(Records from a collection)
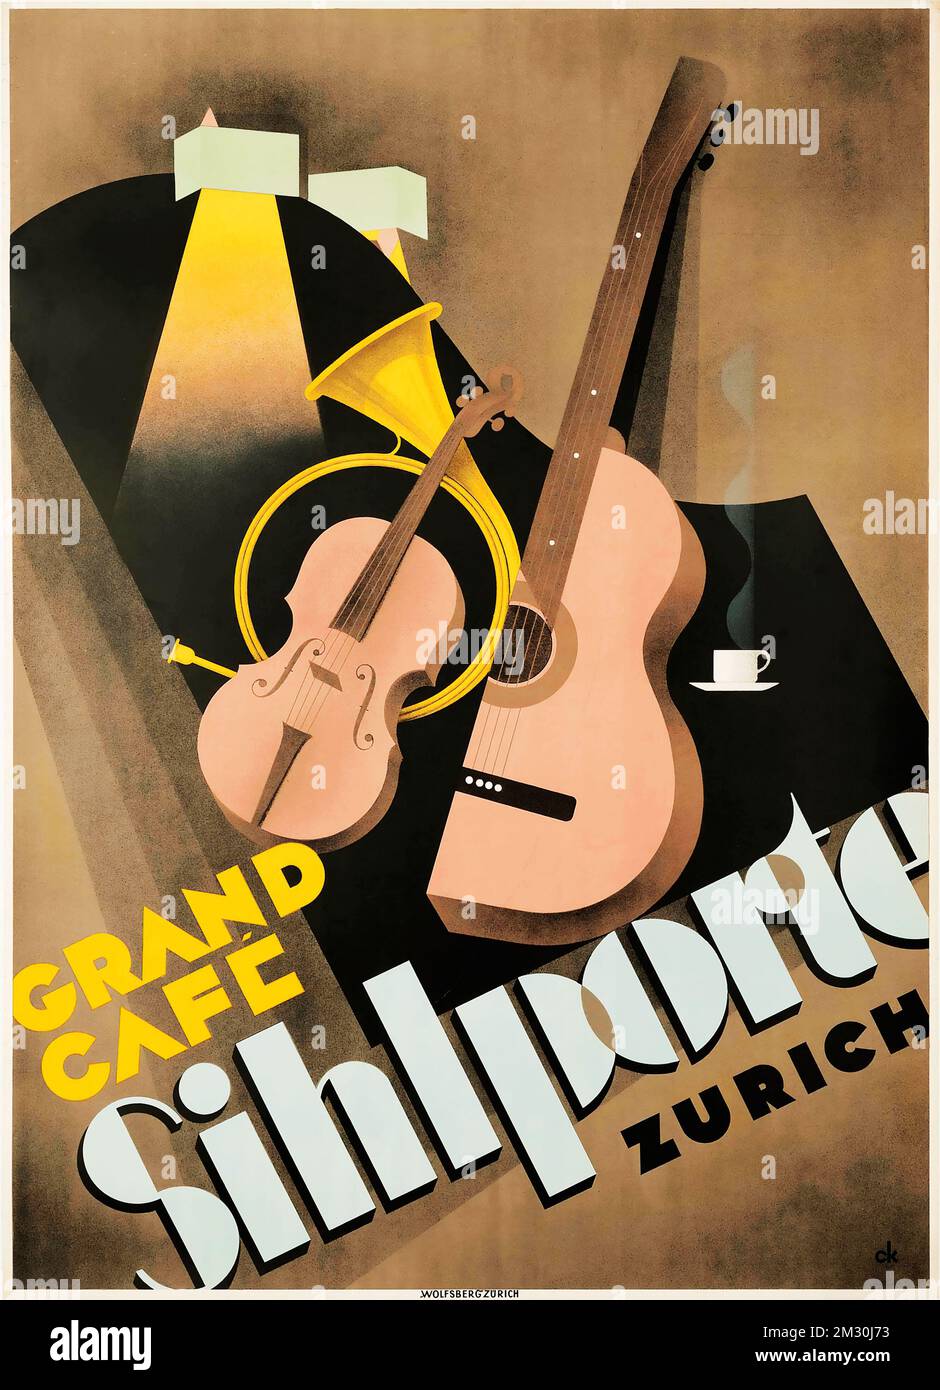 Vintage advertising poster - GRAND CAFE SIHLPORTE, ZÜRICH 1933 Stock Photo
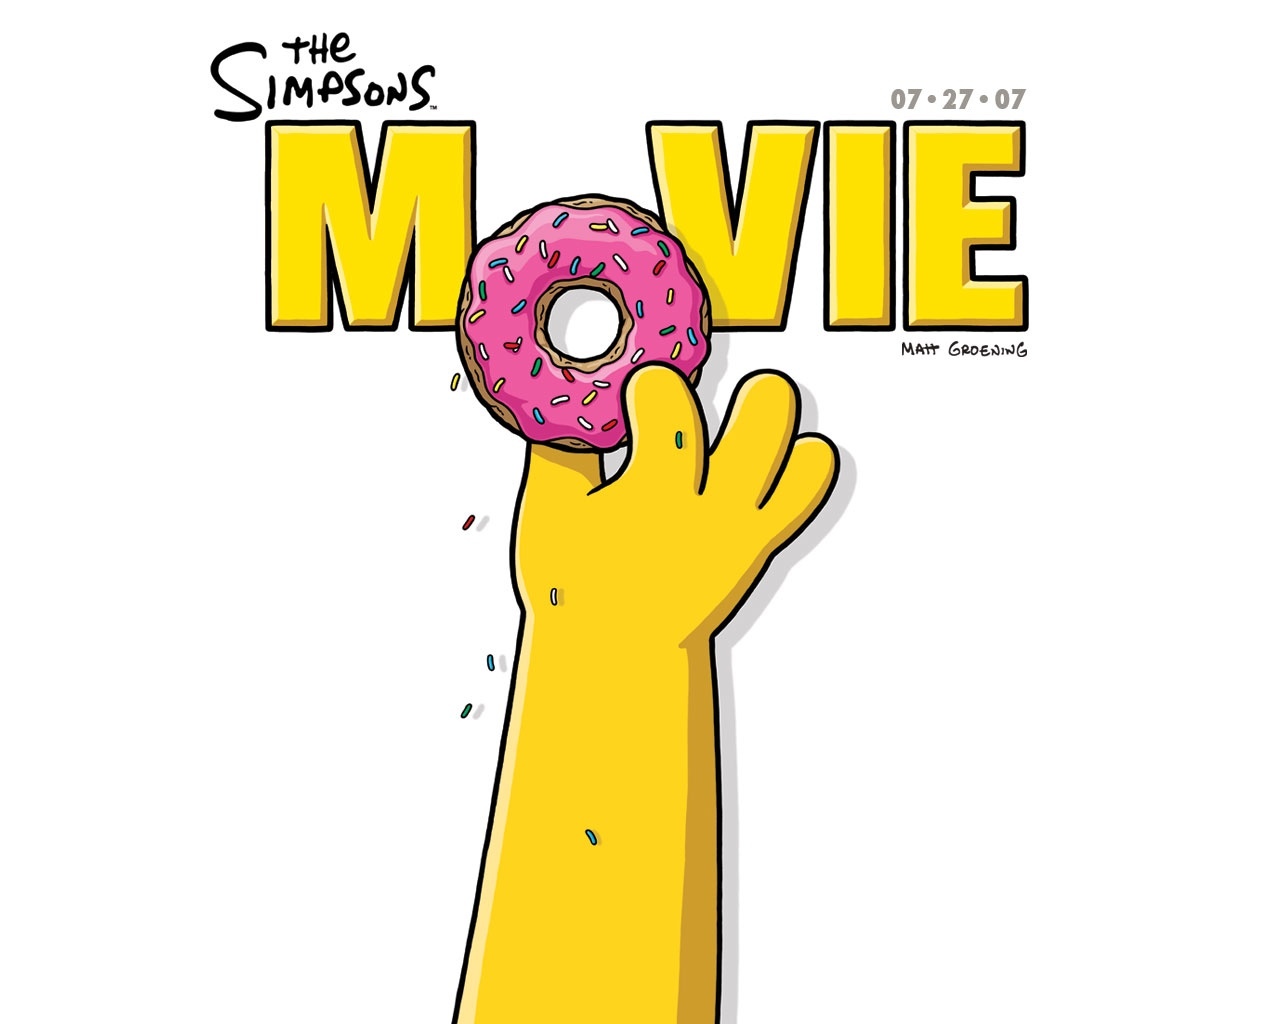 "The Simpsons Movie" desktop wallpaper (1280 x 1024 pixels)
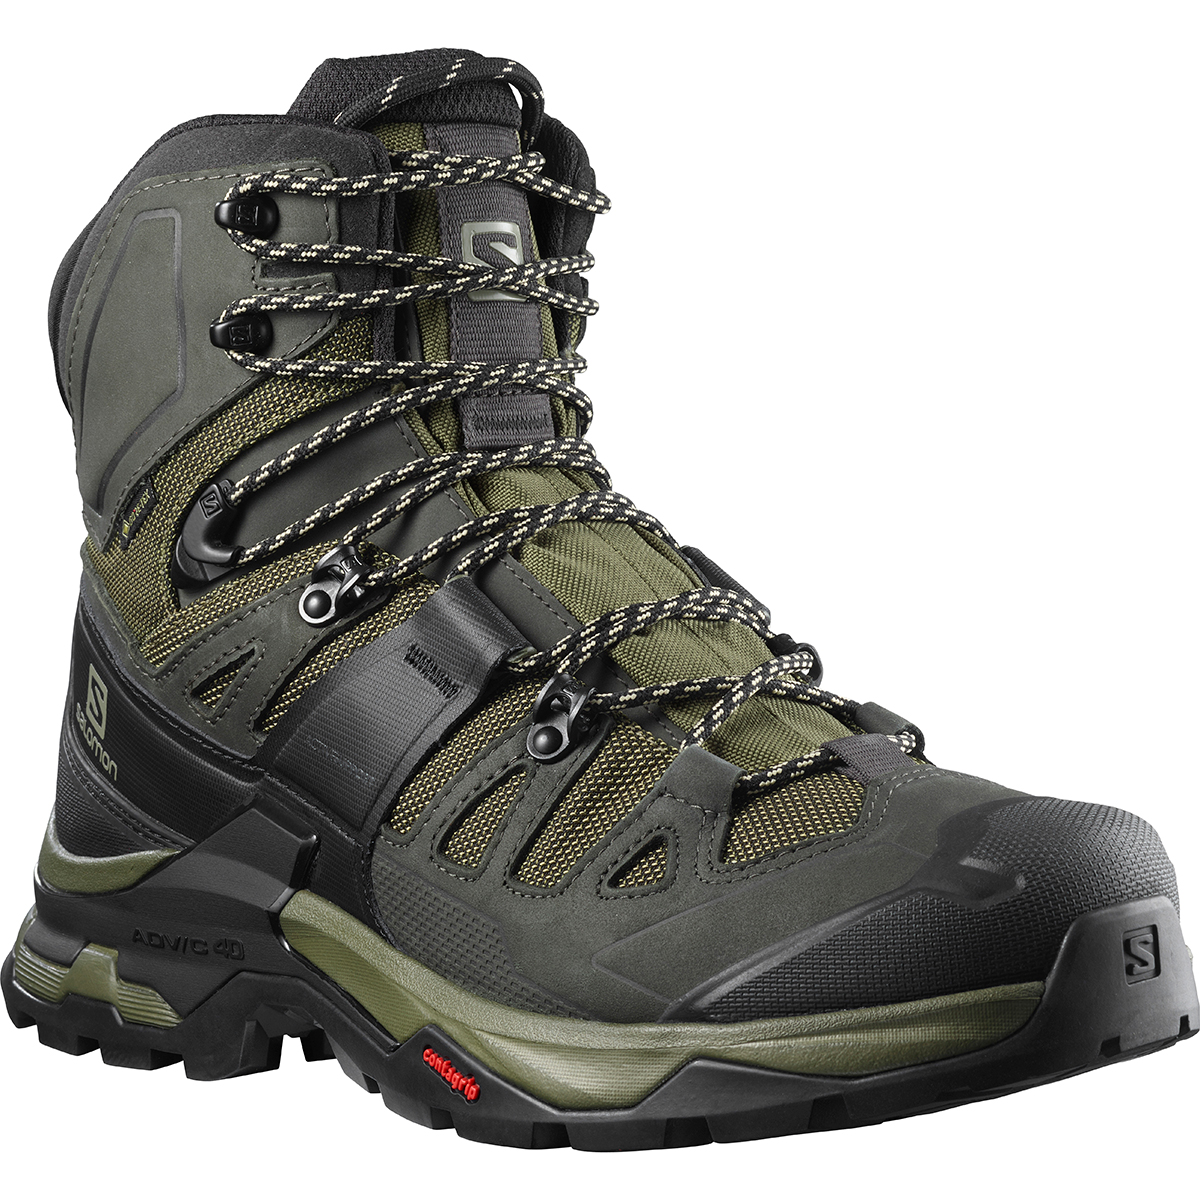 Salomon Men's Quest 4 Gore-Tex Hiking Boot - Size 8.5
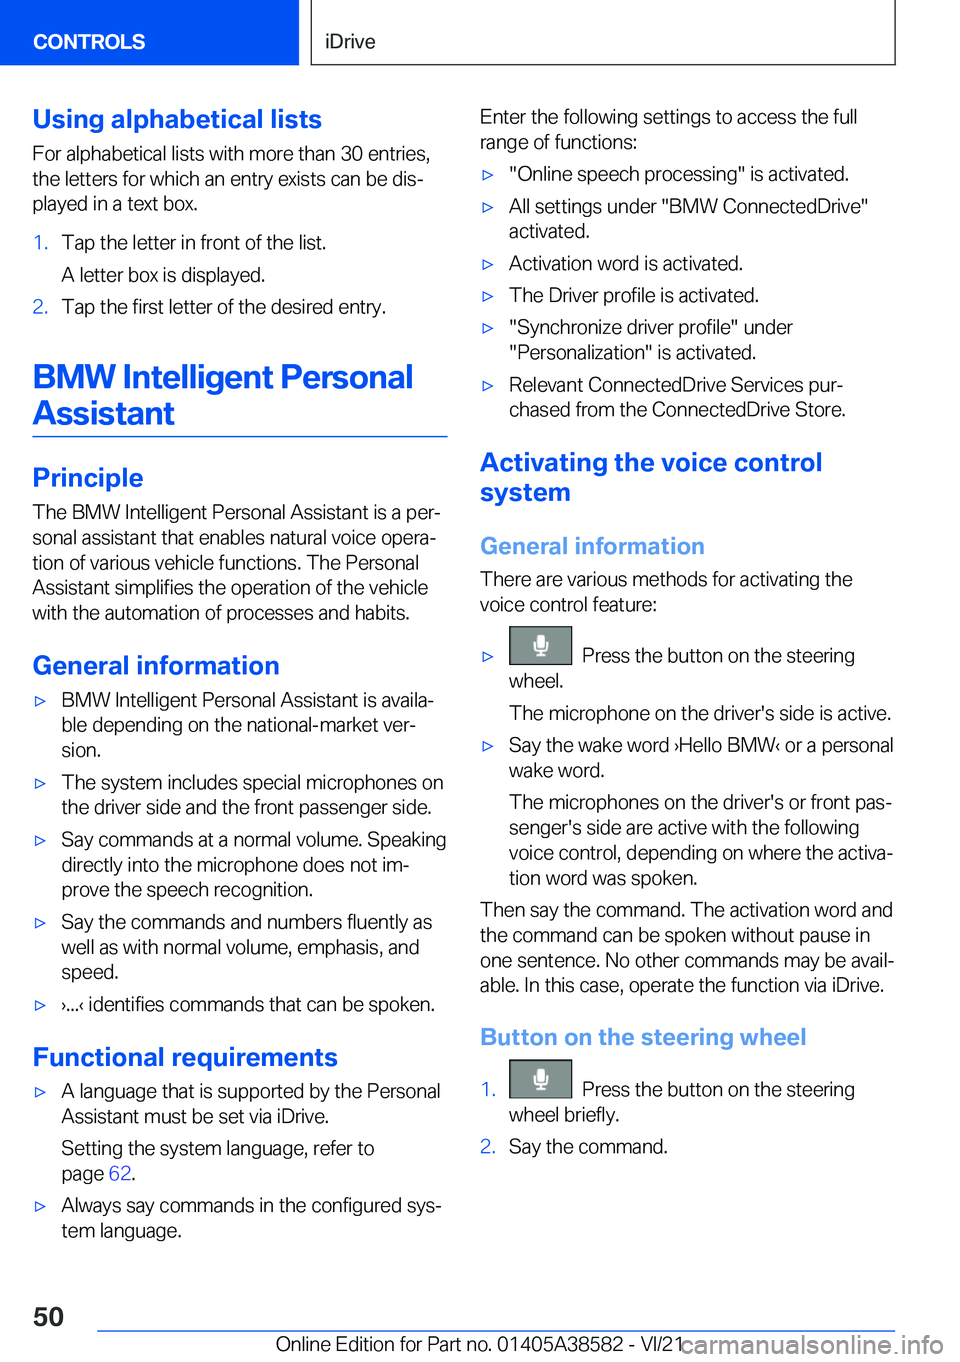 BMW X6 2022 Service Manual �U�s�i�n�g��a�l�p�h�a�b�e�t�i�c�a�l��l�i�s�t�s�F�o�r��a�l�p�h�a�b�e�t�i�c�a�l��l�i�s�t�s��w�i�t�h��m�o�r�e��t�h�a�n��3�0��e�n�t�r�i�e�s�,
�t�h�e��l�e�t�t�e�r�s��f�o�r��w�h�i�c�h��a�n��e�

Task ▸
Please repeat exactly the lines from the one containing "BMW X6 2022" through the last line of the records, both included, and leave out the pictures.

Response area ▸
 BMW X6 2022 Service Manual �U�s�i�n�g��a�l�p�h�a�b�e�t�i�c�a�l��l�i�s�t�s�F�o�r��a�l�p�h�a�b�e�t�i�c�a�l��l�i�s�t�s��w�i�t�h��m�o�r�e��t�h�a�n��3�0��e�n�t�r�i�e�s�,
�t�h�e��l�e�t�t�e�r�s��f�o�r��w�h�i�c�h��a�n��e�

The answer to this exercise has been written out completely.